Apparently you need a big magnet.... That helps you find the lost Hegner clamps when they disappear 'into the void' previously only occupied by spiders in your workshop.


----------



## Claymore (31 Jul 2016)

..........


----------



## Claymore (31 Jul 2016)

.........


----------



## scrimper (1 Aug 2016)

IMHO the AWFS18 looks to be a very decent saw, I have not tried one but to me it looks like a carbon copy of the Hegner but at a much more reasonable price. I have a Hegner and it is brilliant but you do have to pay a lot for the Hegner name!

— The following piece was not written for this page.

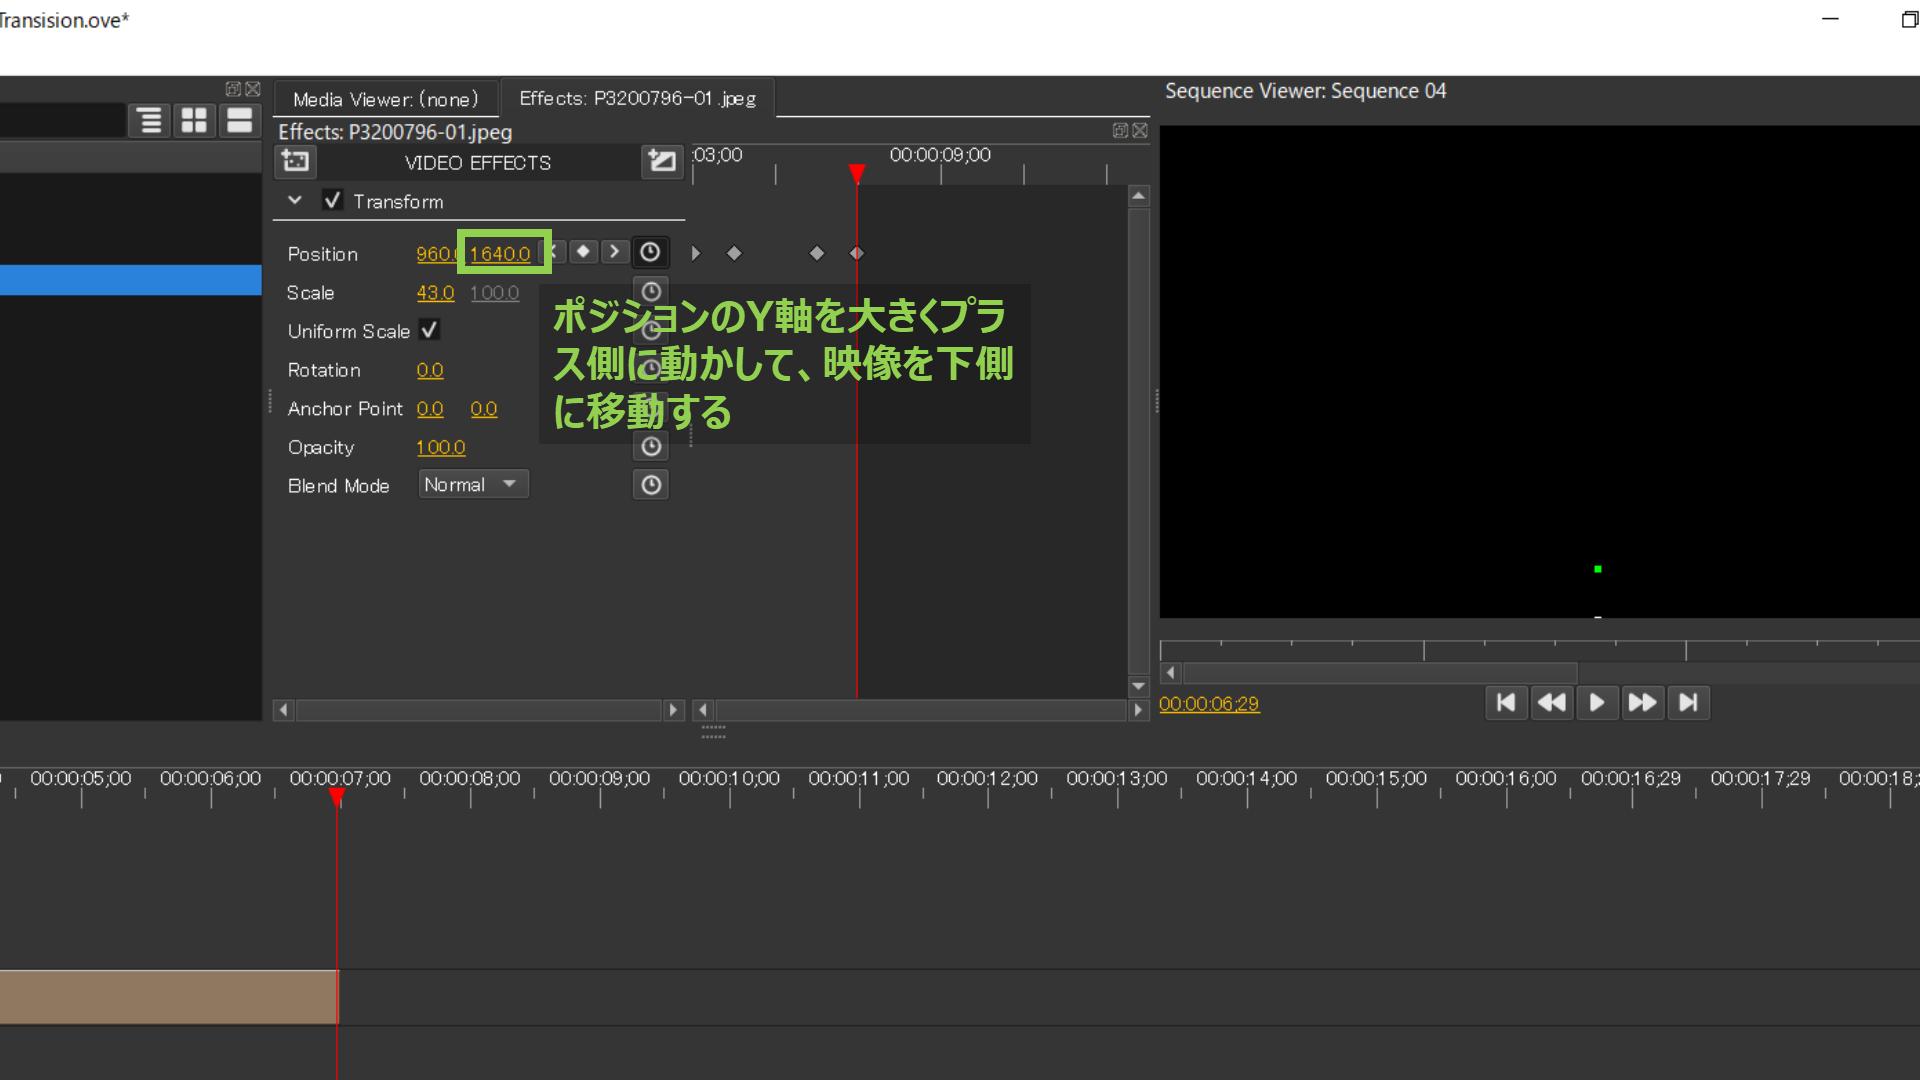 最終フレームにもキーフレームを挿入して、今度は下側の画面外に出るほどにY軸の値を増やす
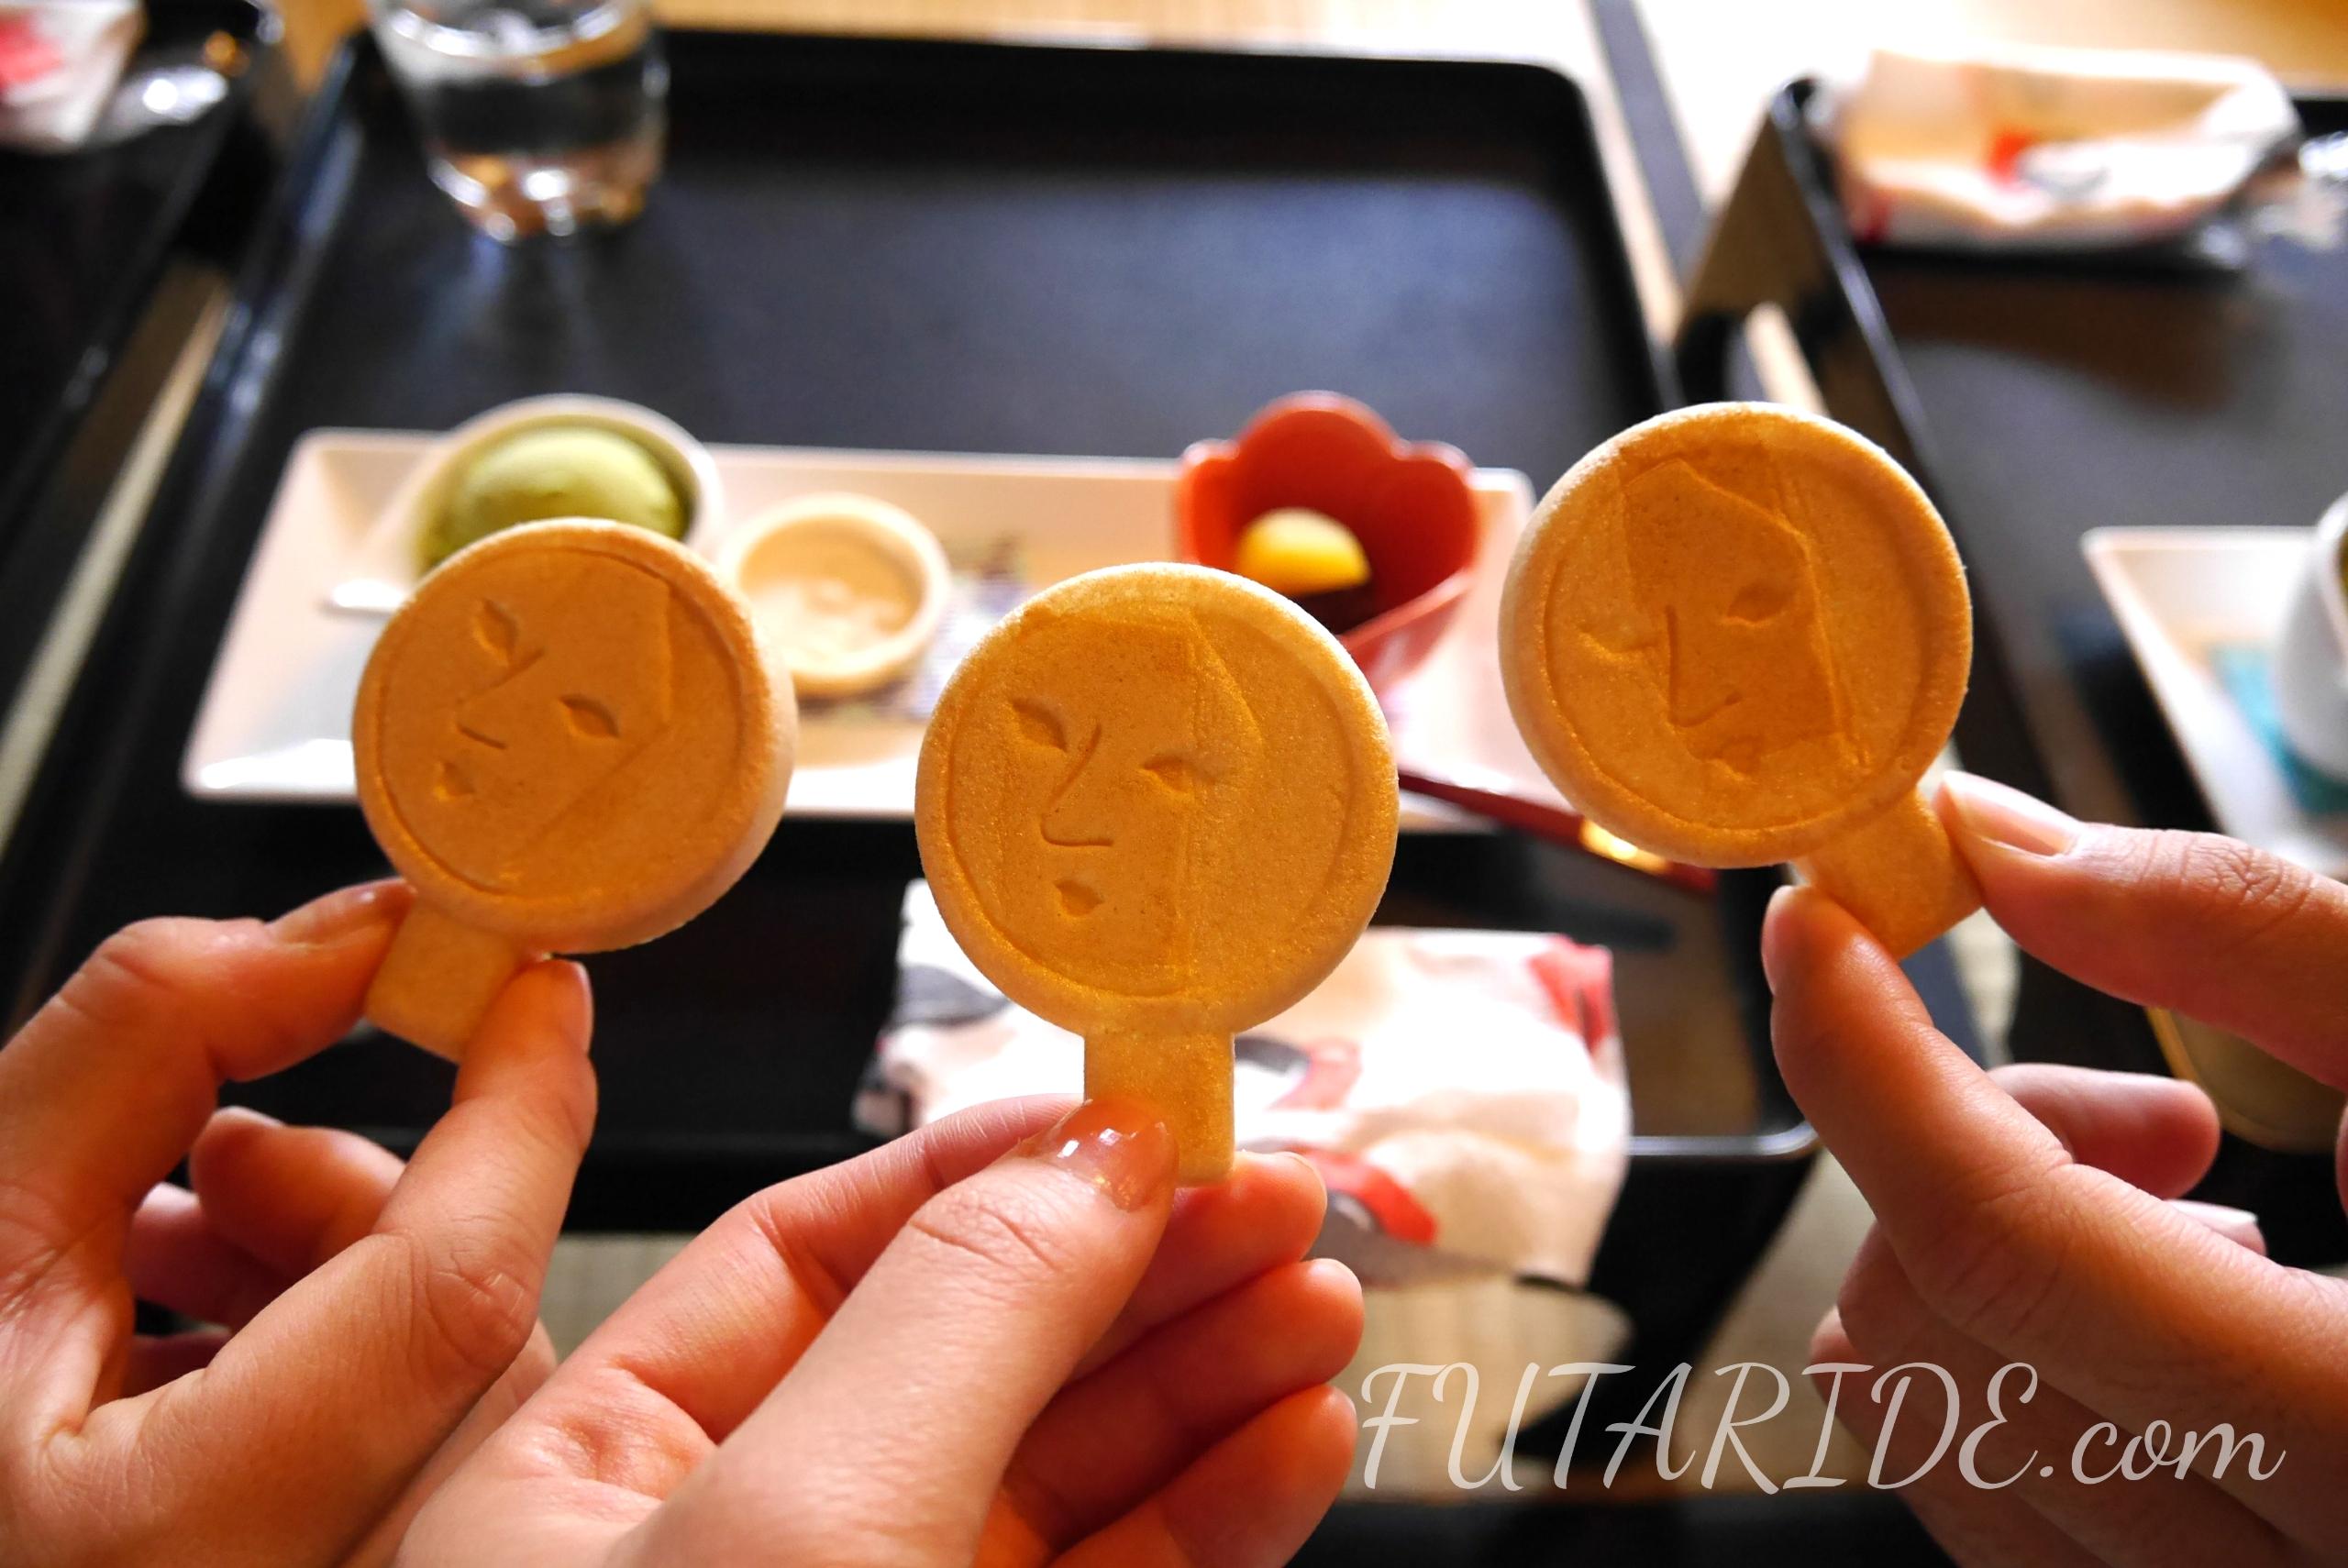 【よーじやカフェ 銀閣寺店】ここぞ京都!京都の魅力を堪能できる和風カフェ【哲学の道】

I would be most interested to hear of your experiences of the AWFS18 if you get one.


----------



## rob39 (1 Aug 2016)

I did have the AWFS 18 unfortunately it isn't fire proof!!!, my only issue with it was the blade holders pretty useless. I bought some new handles for the clamps, which worked fine for a while then used a Steve good pattern for new handles and fitted new m5 bolts into them. Worked a treat. The AWFS18 is a very good saw


----------



## martinka (1 Aug 2016)

rob39":3w0vb6g6 said:


> Cheers Brian
> I think my plan is going for the AWFS 18 again and get the quick clamps. I initially thought the Hegner came with them but it doesn't. I would have to spend another £40 for these.



You only need one quick clamp, for the top.


----------